SOURCE DATA ::
----------------------------------------

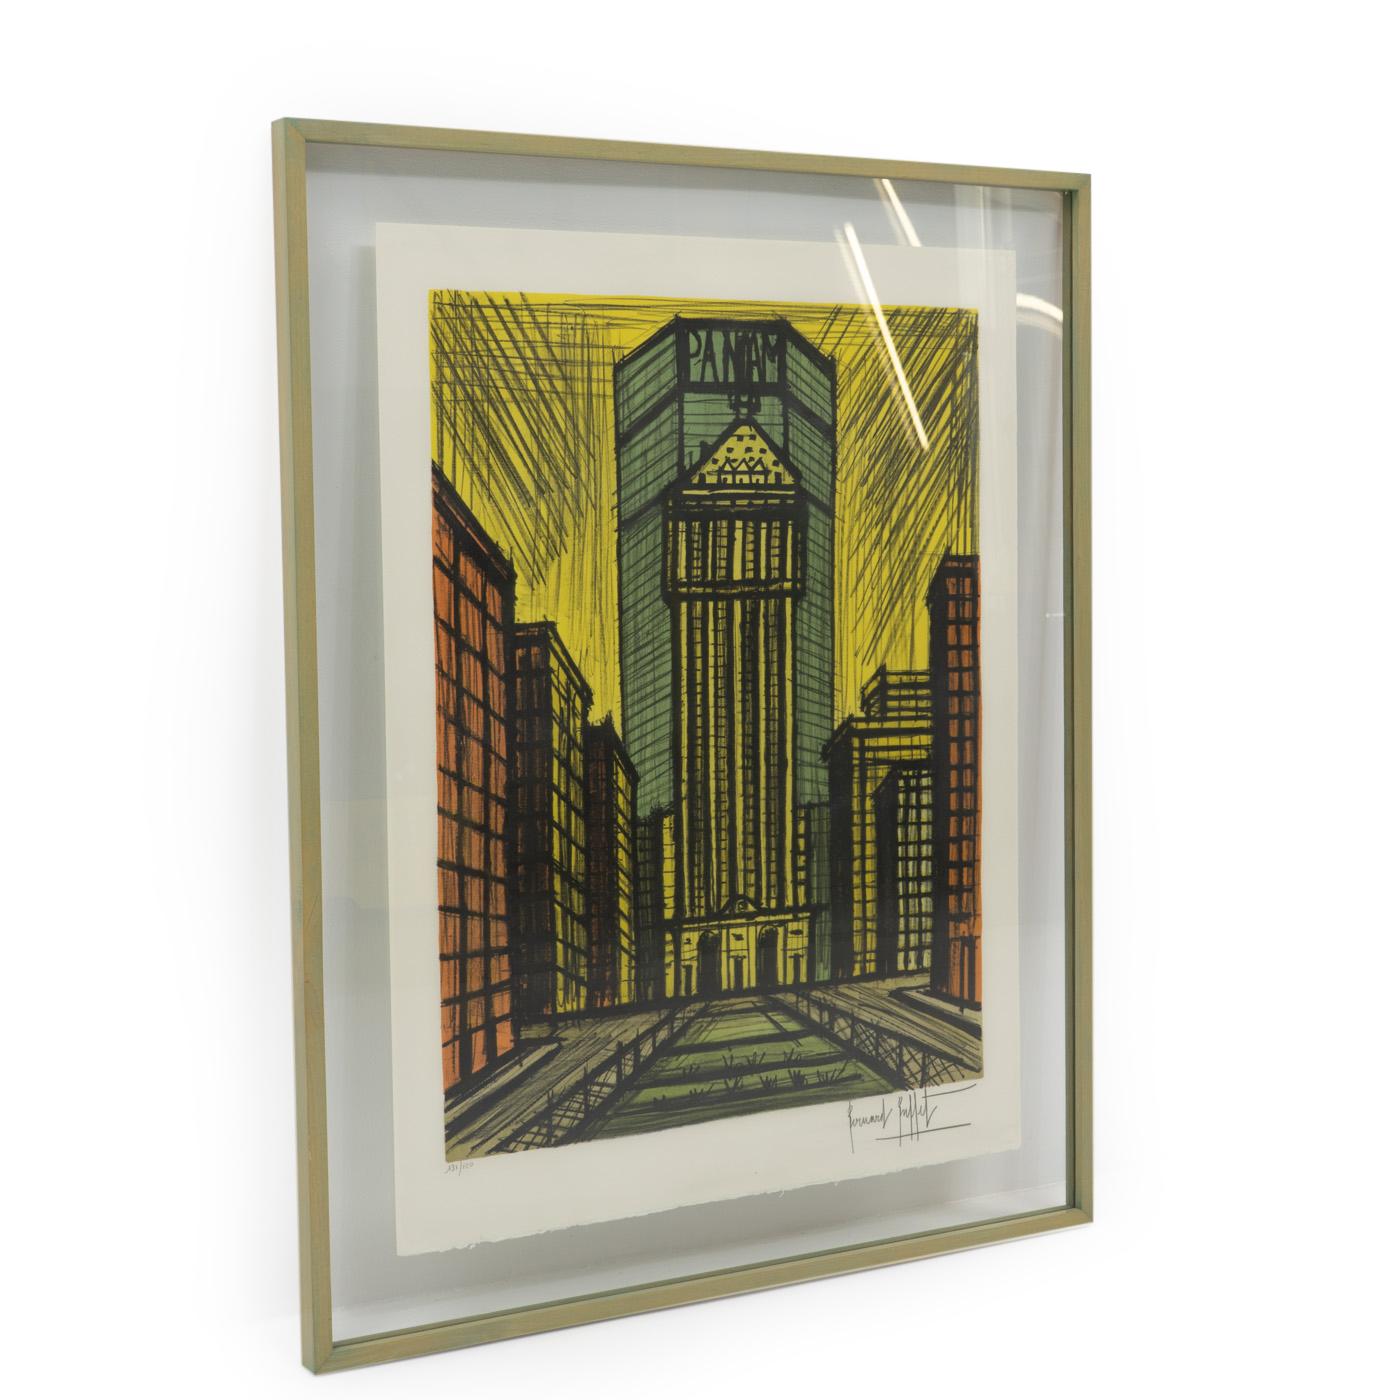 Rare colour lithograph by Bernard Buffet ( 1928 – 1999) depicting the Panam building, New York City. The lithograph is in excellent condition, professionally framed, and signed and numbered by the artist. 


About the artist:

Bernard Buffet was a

----------------------------------------

TASK STATEMENT ::
Nothing but the pictures is to be left out; the rest of the listing should be copied exactly.

TASK RESPONSE ::
 Rare colour lithograph by Bernard Buffet ( 1928 – 1999) depicting the Panam building, New York City. The lithograph is in excellent condition, professionally framed, and signed and numbered by the artist. 


About the artist:

Bernard Buffet was a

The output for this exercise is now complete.